Likelihood Methods

Direct Likelihood Computation

class bbhx.likelihood.Likelihood(template_gen, data_freqs, data_channels, psd, force_backend=None)

Bases: BBHxParallelModule

Fast Base Likelihood Class for MBHBs

This class computes the graitational wave Likelihood as a direct sum over frequecy bins. It only sums over the frequencies where the MBHB signal exists. Therefore, larger mass waveforms are faster because there are less frequencies. This class computes: \(\mathcal{L}\propto-1/2\langle d-h|d-h\rangle=-1/2\left(\langle d|d\rangle \langle h|h\rangle - 2\langle d|h\rangle\right)\).

This class has GPU capability.

Parameters:
  • template_gen (obj) – Waveform generation class that returns a tuple of (list of template arrays, start indices, lengths). See bbhx.waveform.BBHWaveformFD for more information on this return type.

  • data_freqs (double xp.ndarray) – Frequencies for the data stream. data_freqs should be a numpy (cupy) array if running on the CPU (GPU).

  • data_channels (complex128 xp.ndarray) – Data stream. 2D array of shape: (3, len(data_freqs)). It is assumed there are 3 channels. data_channels should be a numpy (cupy) array if running on the CPU (GPU).

  • psd (double xp.ndarray) – Power Spectral Density in the noise:math:S_n(f). 2D array of shape: (3, len(data_freqs)).

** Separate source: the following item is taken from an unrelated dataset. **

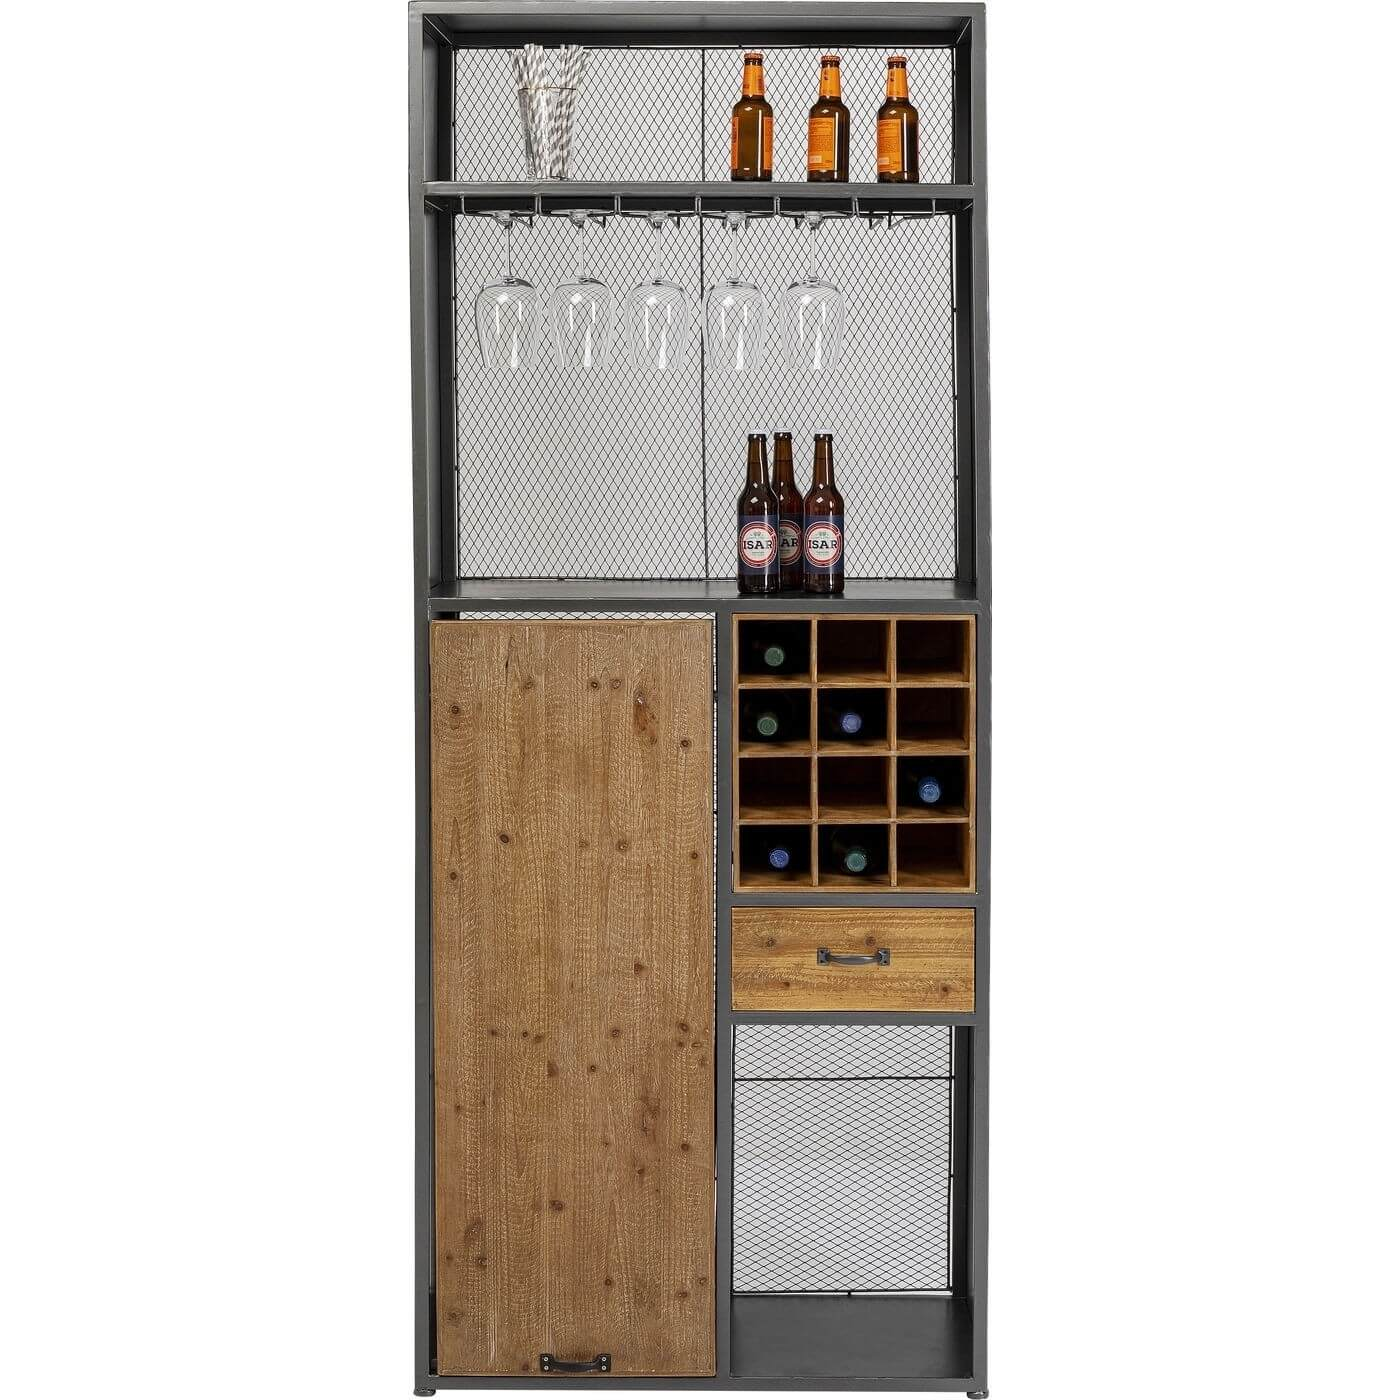 kare design – Kare design vinoteca barreol, m. bord, 3 hylder, skuffe, holder til glas mm. - stål og massivt gran på boboonline.dk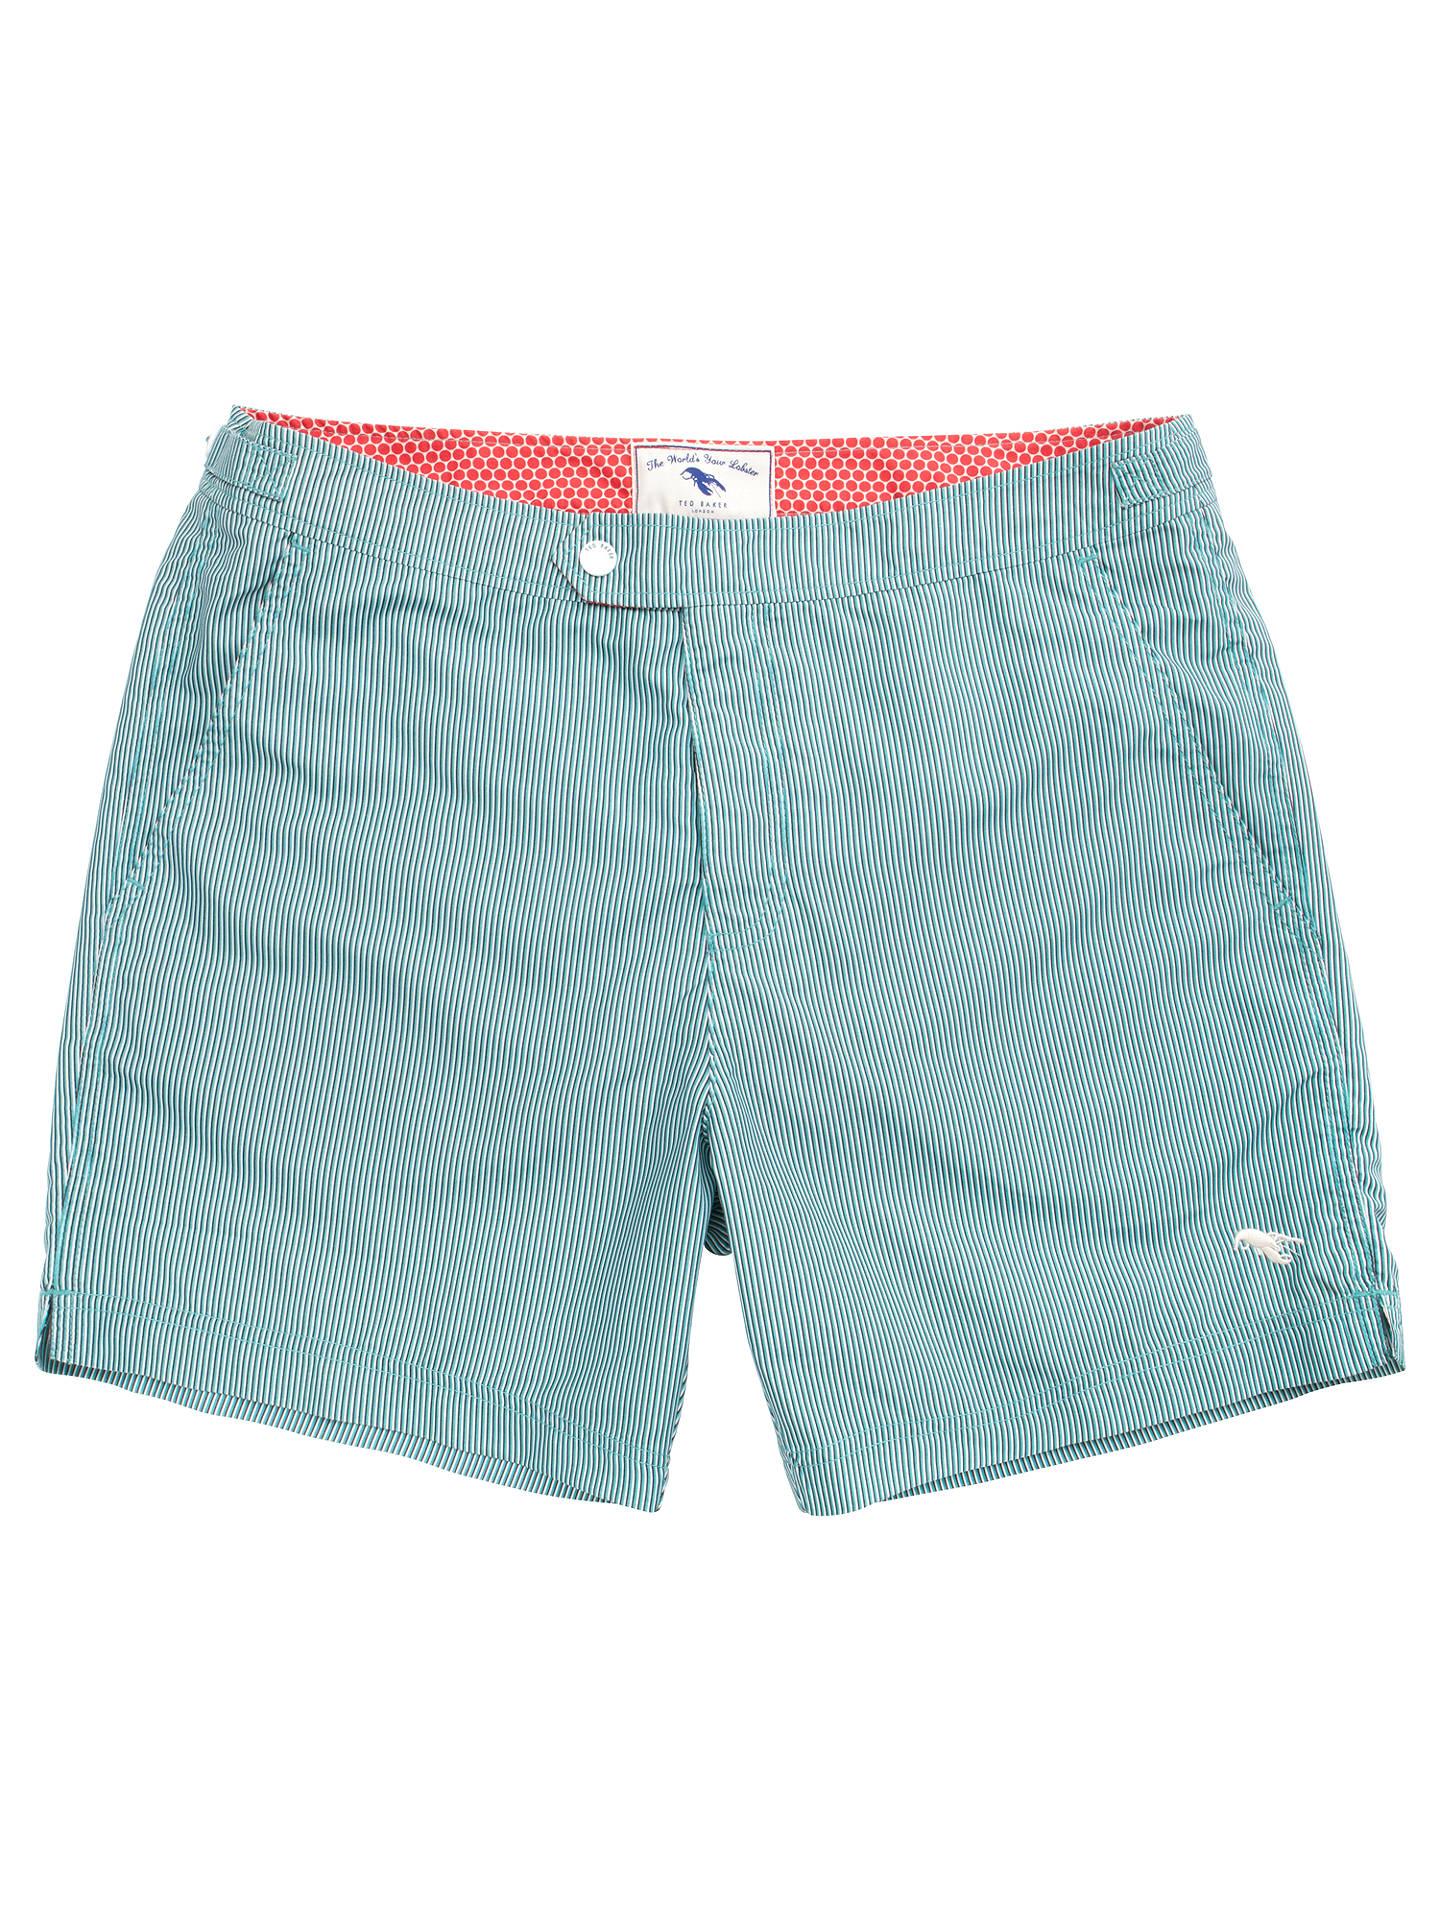 dc287c8d846d Buy Ted Baker Bufpop Pinstripe Swim Shorts, Teal, 2 Online at johnlewis.com

It is assumed there are 3 channels. psd should be a numpy (cupy) array if running on the CPU (GPU).

  • force_backend (str, optional) – ``”cpu”’’, ``”gpu”’’, ``”cuda”’’, ``”cuda12x”’’, or ``”cuda11x”’’.

d_d

\(\langle d|d\rangle\) inner product value.

Type:

double

data_channels

Data stream. 1D flattened array of shape: (3, len(data_freqs)). Note data_channels should be multiplied by psd before input into this class.

Type:

complex128 np.ndarray

data_freqs

Frequencies for the data stream (1D).

Type:

double np.ndarray

data_stream_length

Length of data.

Type:

int

noise_factors

\(\sqrt{\frac{\Delta f}{S_n(f)}}\). 1D flattened array of shape: (3, len(data_freqs)).

Type:

double xp.ndarray

psd

Power Spectral Density in the noise:math:S_n(f). 1D flattened array of shape: (3, len(data_freqs)).

Type:

double xp.ndarray

template_gen

Waveform generation class that returns a tuple of (list of template arrays, start indices, lengths). See bbhx.waveform.BBHWaveformFD for more information on this return type.

Type:

obj

phase_marginalize

If True, compute the phase-marginalized log-Likelihood (and snr if return_extracted_snr==True).

Type:

bool

return_extracted_snr

Return the snr in addition to the Likeilihood.

Type:

bool

classmethod supported_backends() list

List of backends supported by a parallel module by order of preference.

property like_gen

Likelihood for either GPU or CPU.

property xp

Cupy or Numpy

get_ll(params, return_extracted_snr=False, phase_marginalize=False, **waveform_kwargs)

Compute the log-Likelihood

params (double np.ndarray): Parameters for evaluating log-Likelihood.

params.shape=(num_params,) if 1D or params.shape=(num_params, num_bin_all) if 2D for more than one binary.

return_extracted_snr (bool, optional): If True, return

\(\langle d|h\rangle\ / \sqrt{\langle h|h\rangle}\) as a second entry of the return array. This produces a return array of xp.array([log likelihood, snr]).T. If False, just return the log-Likelihood array.

phase_marginalize (bool, optional): If True, compute the phase-marginalized

log-Likelihood (and snr if return_extracted_snr==True).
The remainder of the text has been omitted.